MATERIALS PROVIDED START

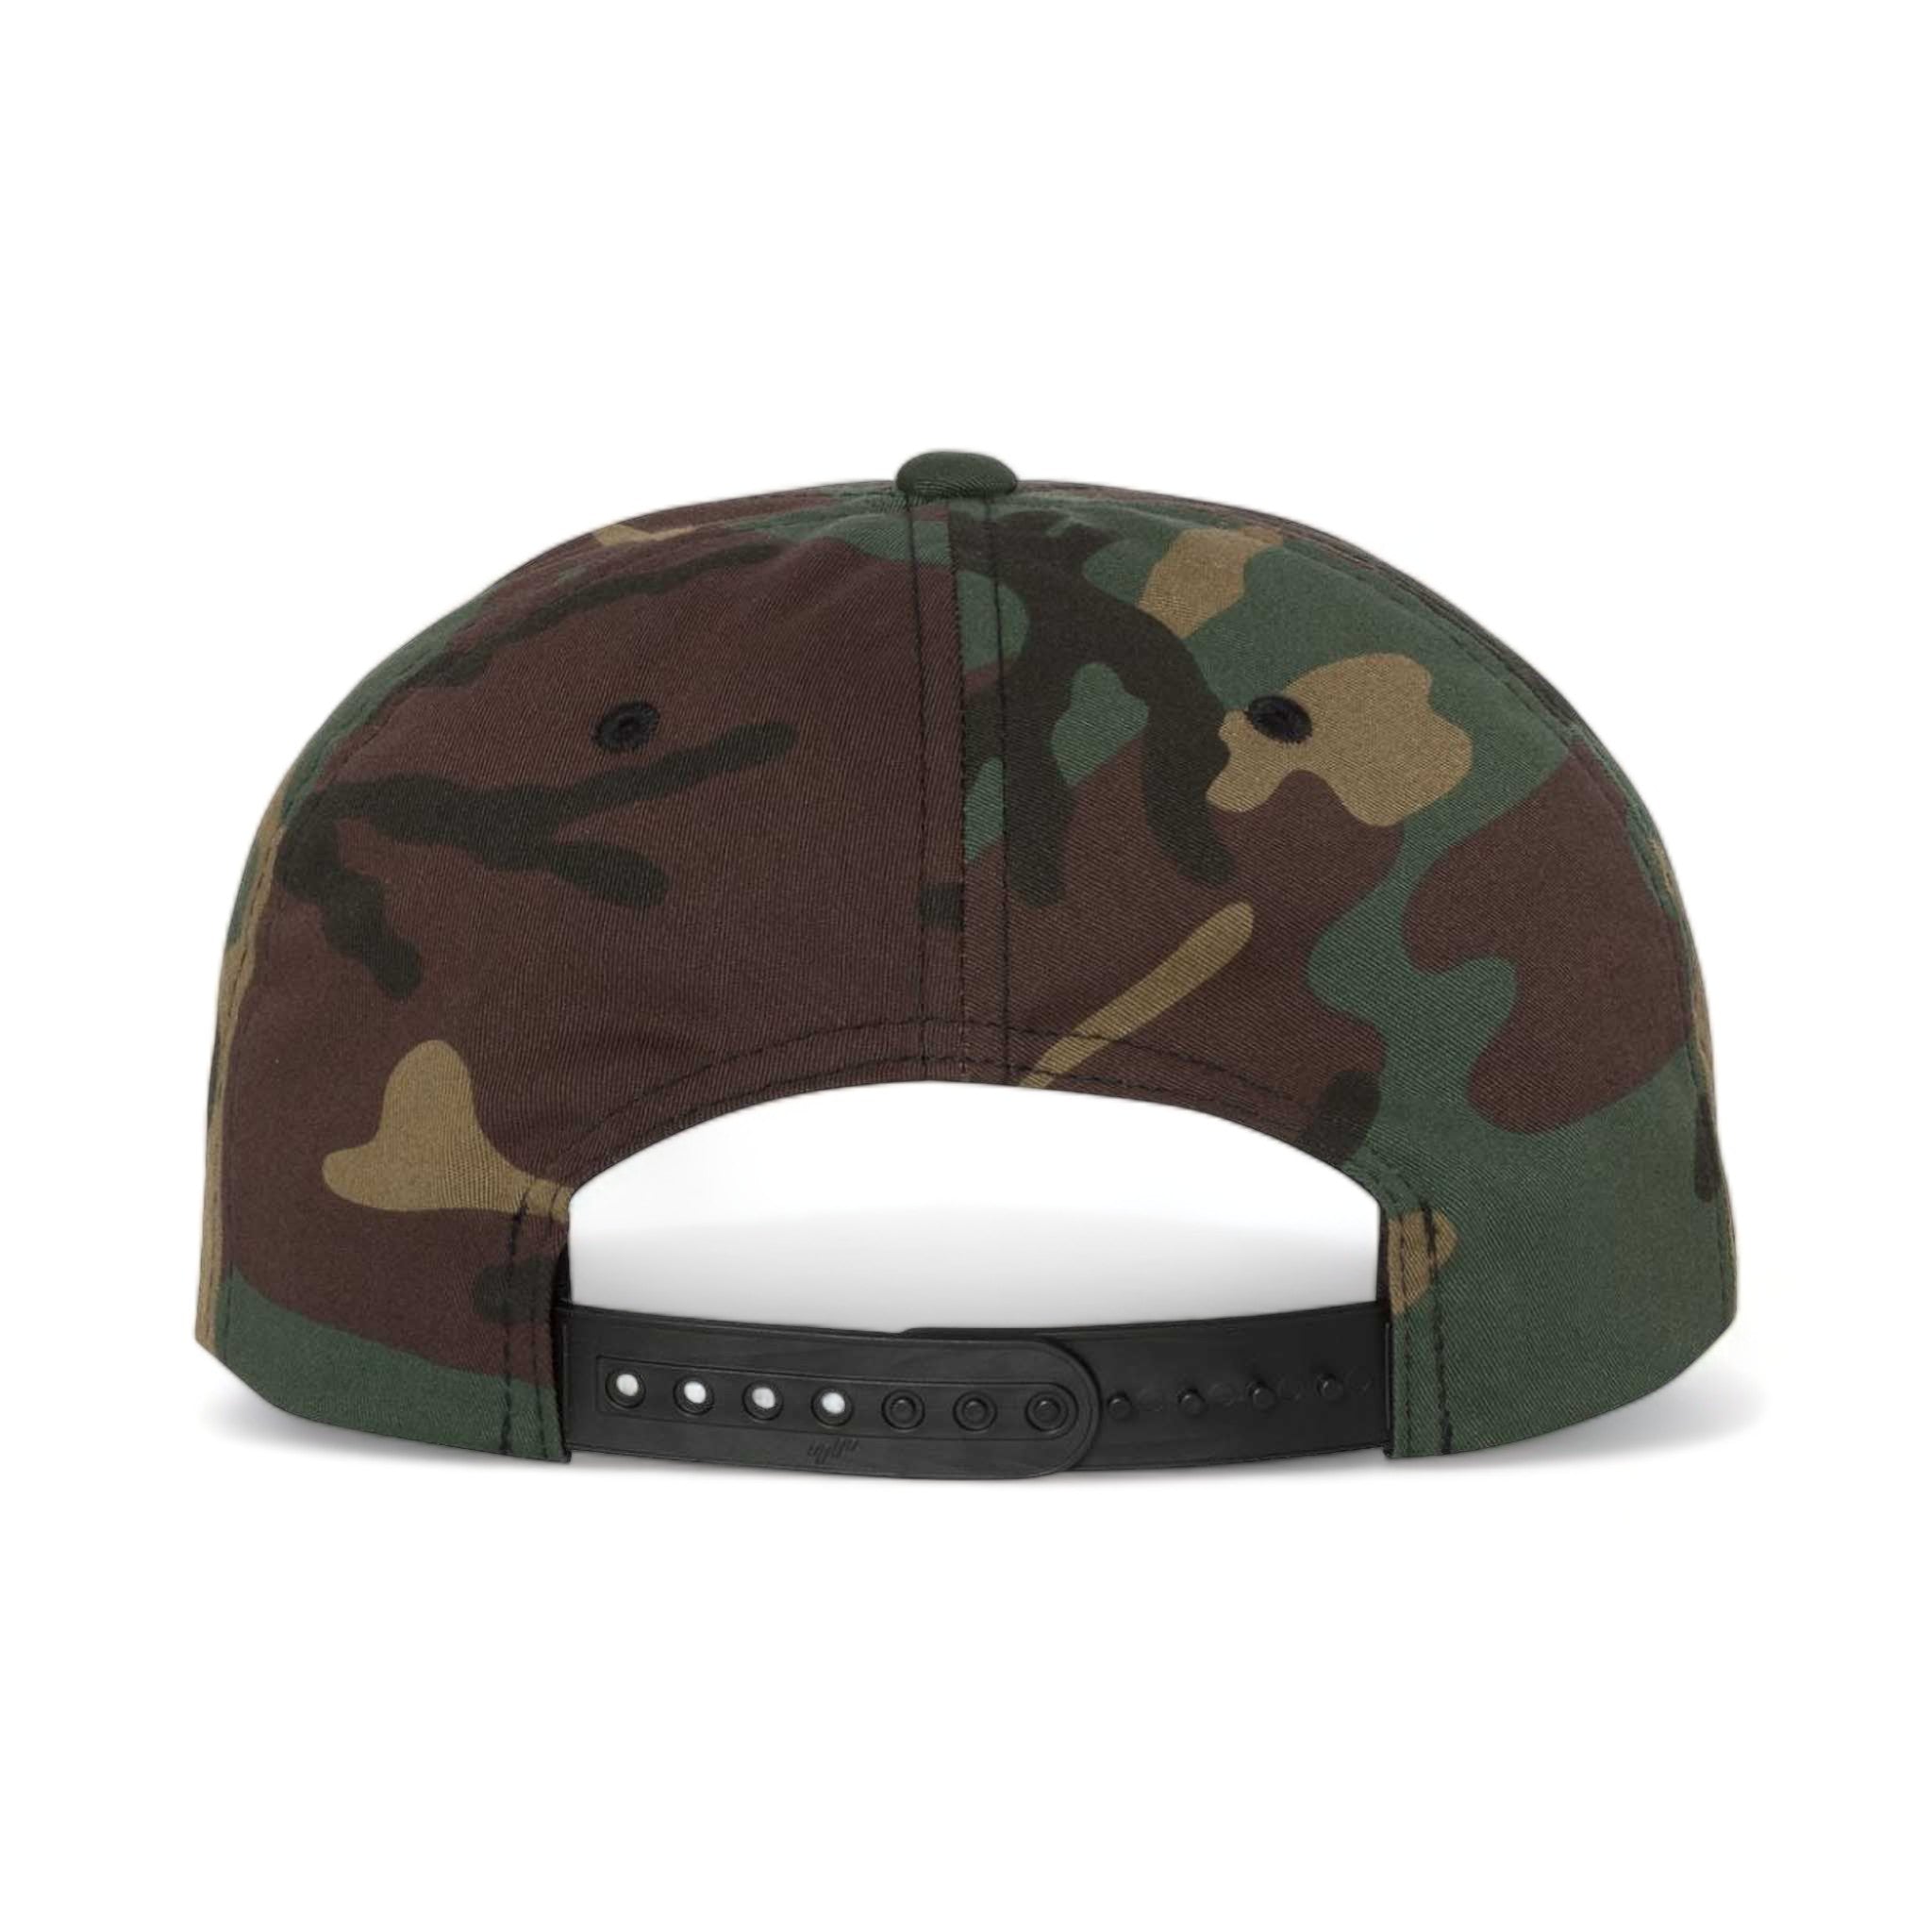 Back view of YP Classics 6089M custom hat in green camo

MATERIALS PROVIDED END
MATERIALS PROVIDED START

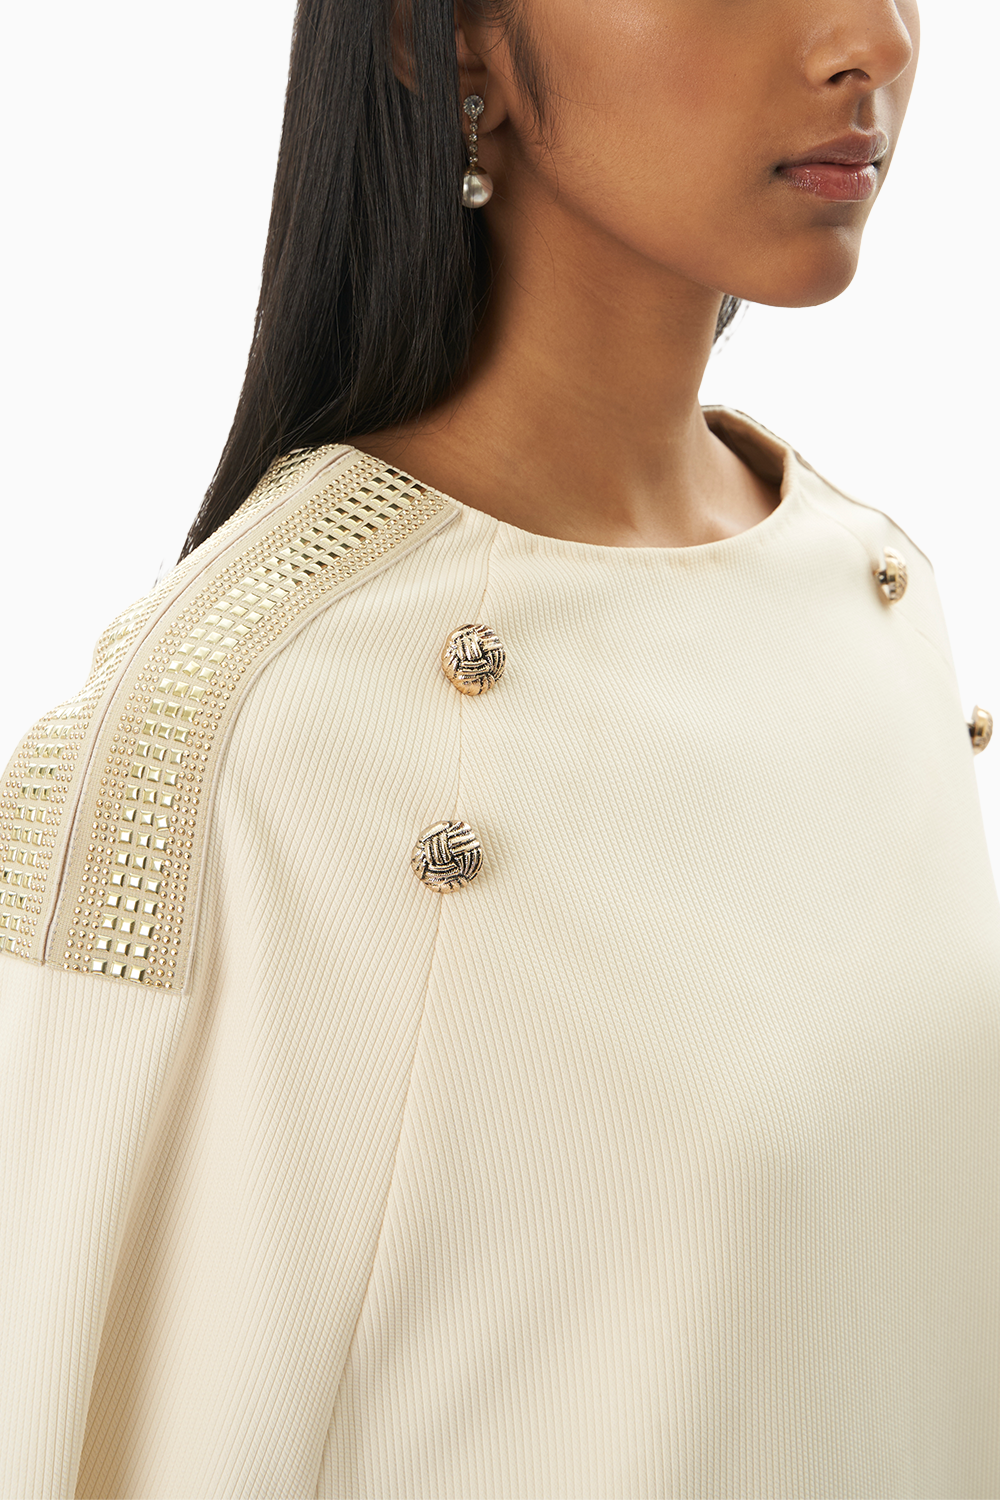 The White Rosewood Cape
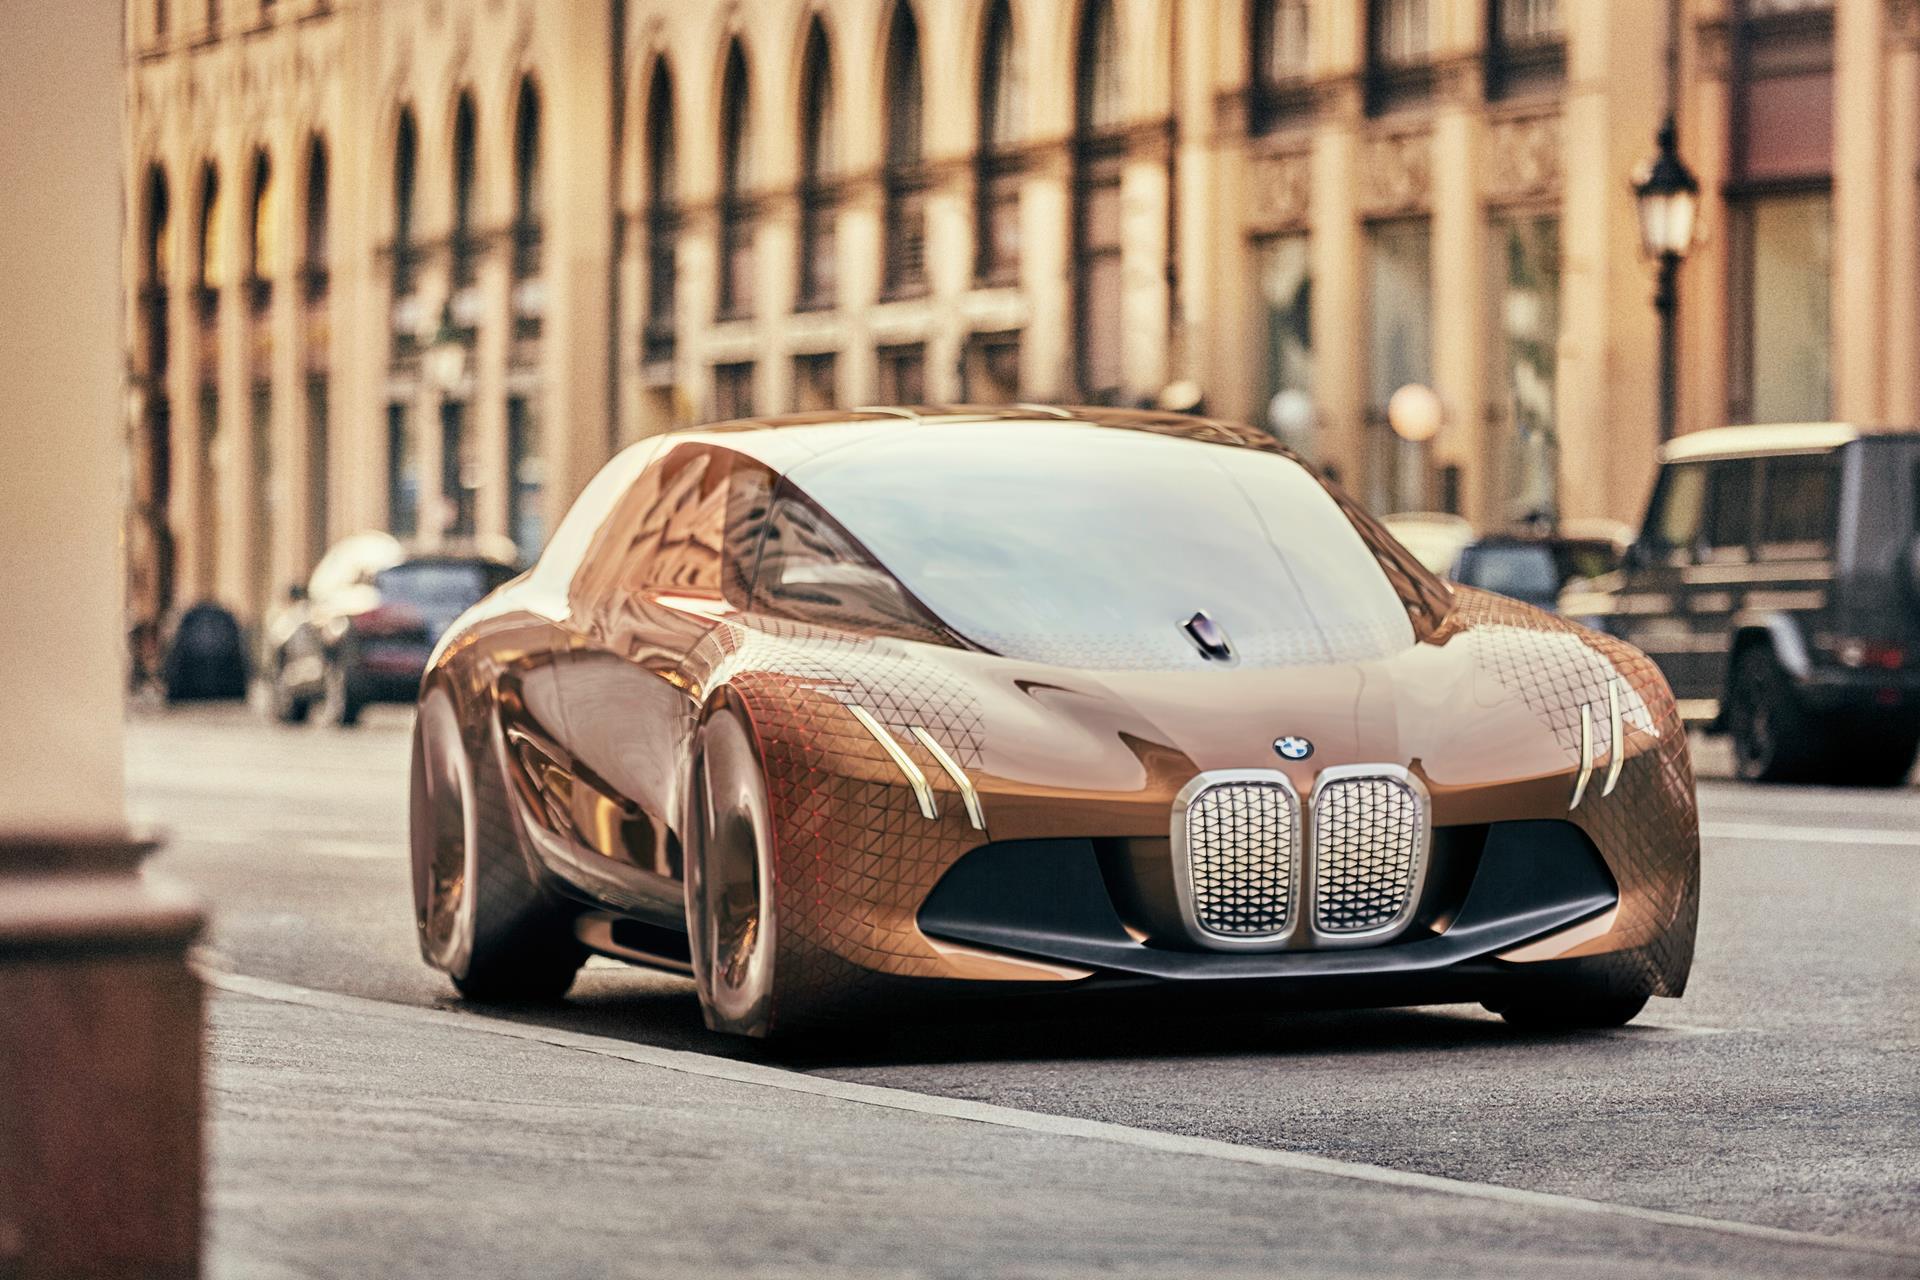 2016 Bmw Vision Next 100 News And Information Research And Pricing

MATERIALS PROVIDED END

▶ [PROMPT]:
Copy exactly the lines of the entries above from the one containing "The White Rosewood Cape" through the one containing "2016 Bmw Vision". Both end lines count; pictures do not.

▶ [YOUR RESPONSE]:
 The White Rosewood Cape
 2016 Bmw Vision Next 100 News And Information Research And Pricing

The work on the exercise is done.